Launching a workspace in a custom virtual network fails on the Azure Databricks sign-in screen with the following error: “We’ve encountered an error creating your workspace. Please make sure the custom network configuration is correct and try again.”
This error is caused by a network configuration not meeting requirements. Confirm that you followed the instructions in this topic when you created the workspace.

Cluster creation errors

Instances Unreachable: Resources were not reachable via SSH.
Possible cause: traffic from control plane to workers is blocked. Fix by ensuring that inbound security rules meet requirements.
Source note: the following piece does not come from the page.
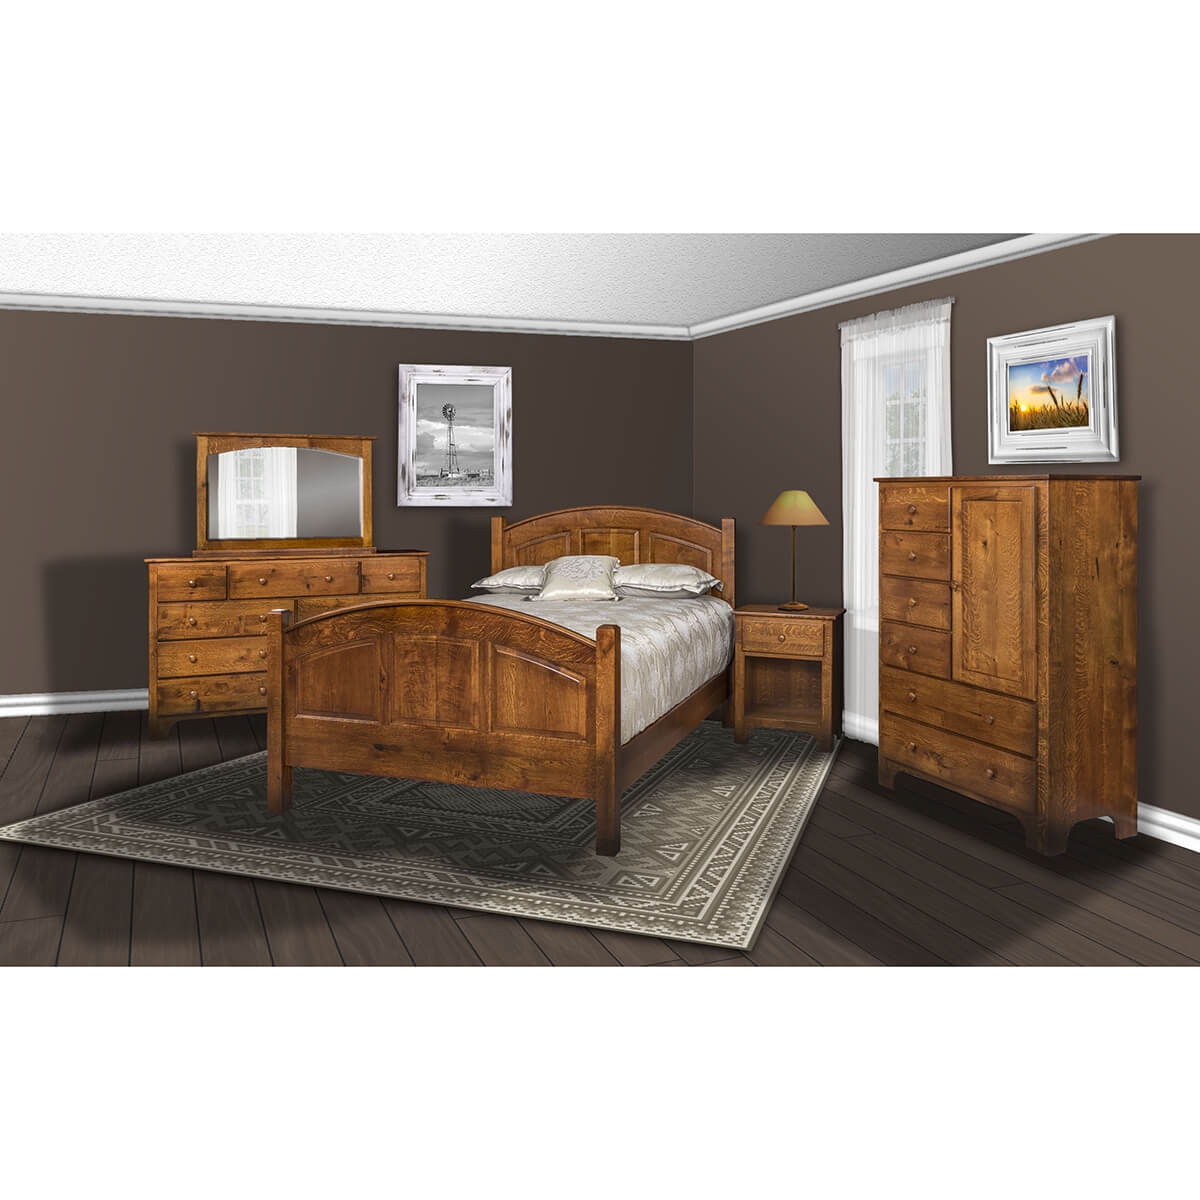 Read more about the article Ridgecrest Shaker Bedroom Collection

If you are deploying to an existing virtual network connected to your on-premises network, review your setup using the information supplied in Connecting your Azure Databricks Workspace to your On-Premises Network.
Unexpected Launch Failure: An unexpected error was encountered while setting up the cluster. Please retry and contact Azure Databricks if the problem persists. Internal error message: Timeout while placing node.
Possible cause: traffic from workers to Azure Storage endpoints is blocked. Fix by ensuring that outbound security rules meet requirements. If you are using custom DNS servers, also check the status of the DNS servers in your virtual network.
Cloud Provider Launch Failure: A cloud provider error was encountered while setting up the cluster. See the Azure Databricks guide for more information. Azure error code: AuthorizationFailed/InvalidResourceReference.
Possible cause: the virtual network or subnets do not exist any more. Make sure the virtual network and subnets exist.
Cluster terminated. Reason: Spark Startup Failure: Spark was not able to start in time. This issue can be caused by a malfunctioning Hive metastore, invalid Spark configurations, or malfunctioning init scripts. Please refer to the Spark driver logs to troubleshoot this issue, and contact Databricks if the problem persists. Internal error message: Spark failed to start: Driver failed to start in time.
Possible cause: Container cannot talk to hosting instance or DBFS storage account. Fix by adding a custom route to the subnets for the DBFS storage account with the next hop being Internet.

Notebook command errors

Command is hanging

../../../_images/command-hangs.png

Possible cause: worker-to-worker communication is blocked. Fix by making sure the inbound security rules meet requirements.

Notebook workflow fails with the exception: com.databricks.WorkflowException: org.apache.http.conn.ConnectTimeoutException
Possible cause: traffic from workers to Azure Databricks Webapp is blocked. Fix by making sure the outbound security rules meet requirements.